Four days before his death on June 5th, 1801, Robert Richard
Randall signed a remarkable will, which provided that his mansion
and 21-acre farm be used to maintain and support "aged, decrepit,
and worn out sailors." However, as the 1820's approached, and land
values began to soar, the legislature was asked to modify the
Randall will so that Sailor's Snug Harbor could be built somewhere
other than the Randall farm. In May 1831, a 130-acre farm
overlooking Upper New York Bay and the Kill van Kull was purchased
on Staten Island for $10,000. Year-by-year, buildings were added
until there were 55 major structures. The Harbor produced its own
electricity and steam, grew its own food, and had its own water
supply, a church, cemetery, hospital, theater, library. At the
start of the twentieth century, more than 1,000 old sailors were in
residence. Beginning in 1950, as part of a 'modernization and
improvement plan,' two dozen buildings on the Staten Island
property were bulldozed. Next on the destruction list were the
Sailors' Snug Harbor dormitories which would be replaced by a
120-room modern infirmary insisted upon by the State Department of
Health. At this point, the city's new Landmarks Preservation
Commission stepped in. On October 14, 1965, at its first
designation hearing, the Commission landmarked and saved the old
dormitories.

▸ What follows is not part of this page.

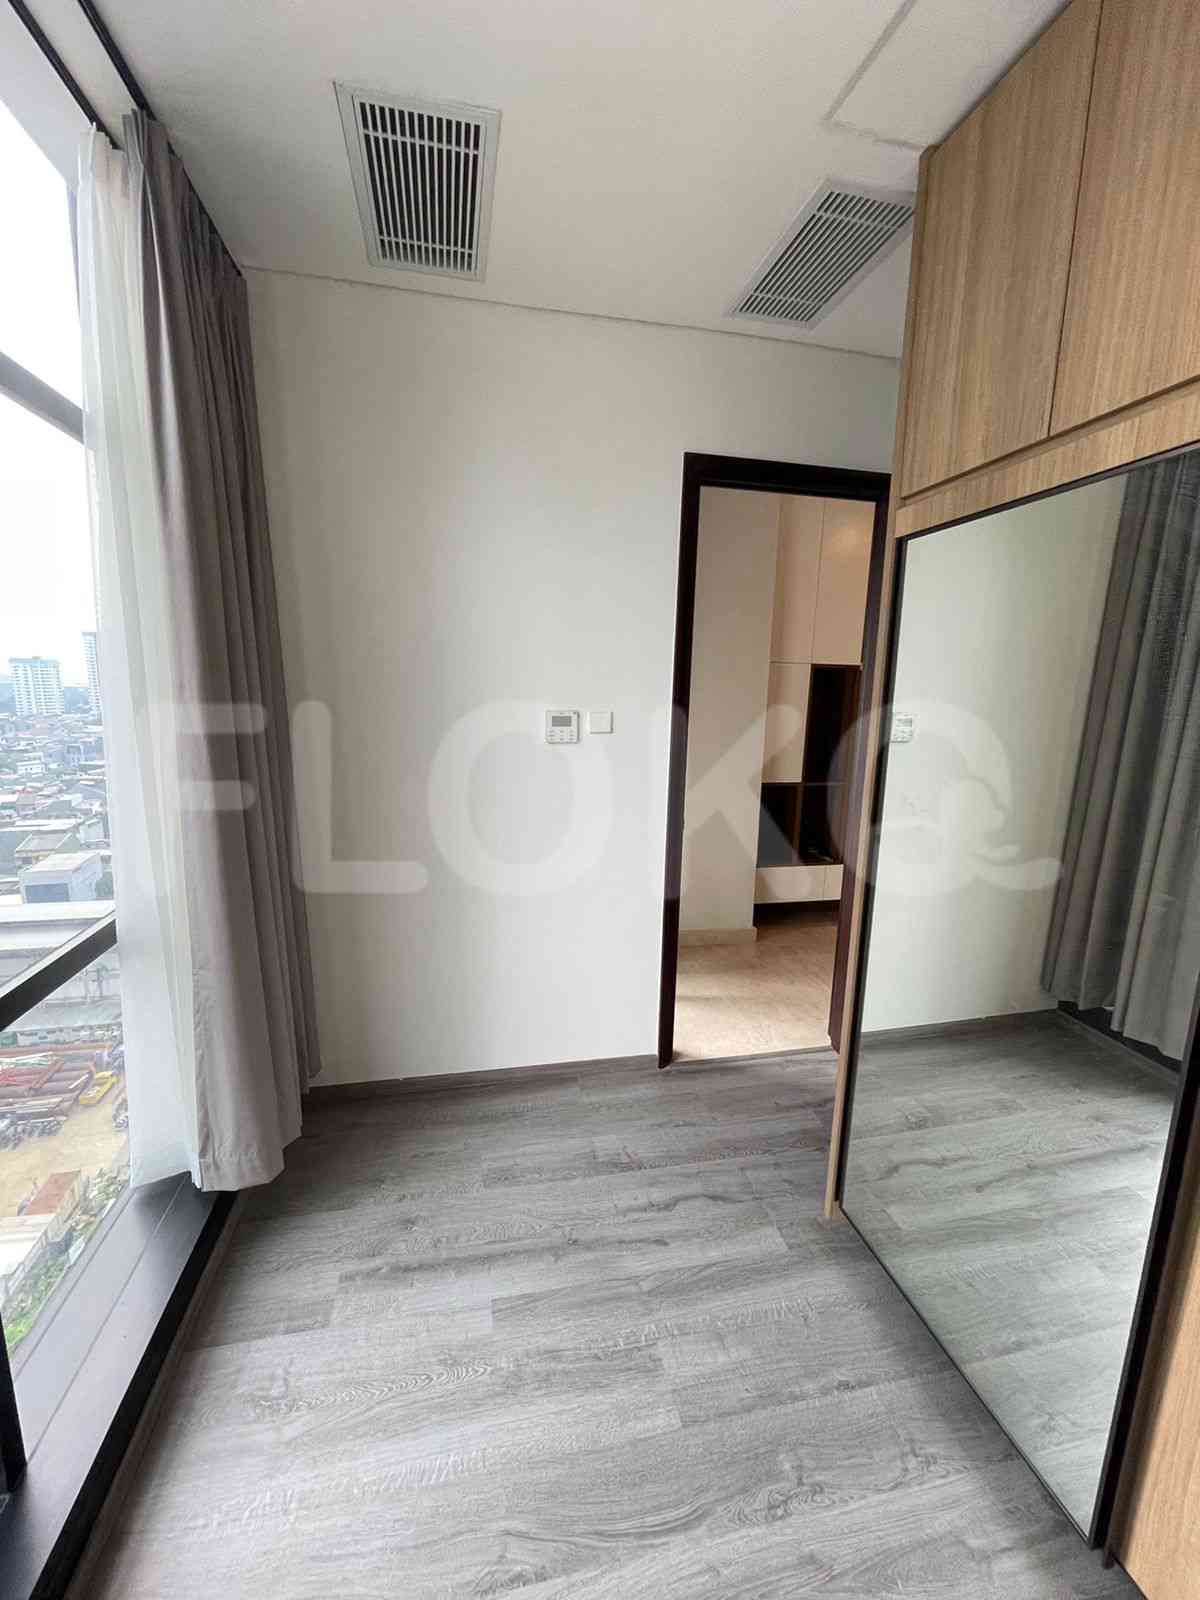 3 Bedroom on 10th Floor for Rent in Sudirman Suites Jakarta - fsuaf7 13

Property for a new institution for the old sailors was
found in Sea Level, North Carolina, down the road from a hospital
just taken over by Duke University Medical Center. Citing the
proximity of Duke's hospital to the new Harbor site, New York's
surrogate court approved relocation. Mayor John Lindsay, in June
1973, announced a plan to turn the Sailors' Snug Harbor buildings
into a national showplace of culture and education. Over the years,
the Sailors' Snug Harbor has housed various cultural institutions,
including the Newhouse Center for Contemporary Arts, the Staten
Island Botanical Gardens, and the Staten Island Children's Museum.
Today, Snug Harbor is the most important cultural asset on Staten
Island, and one of the fastest-growing arts centers in the city.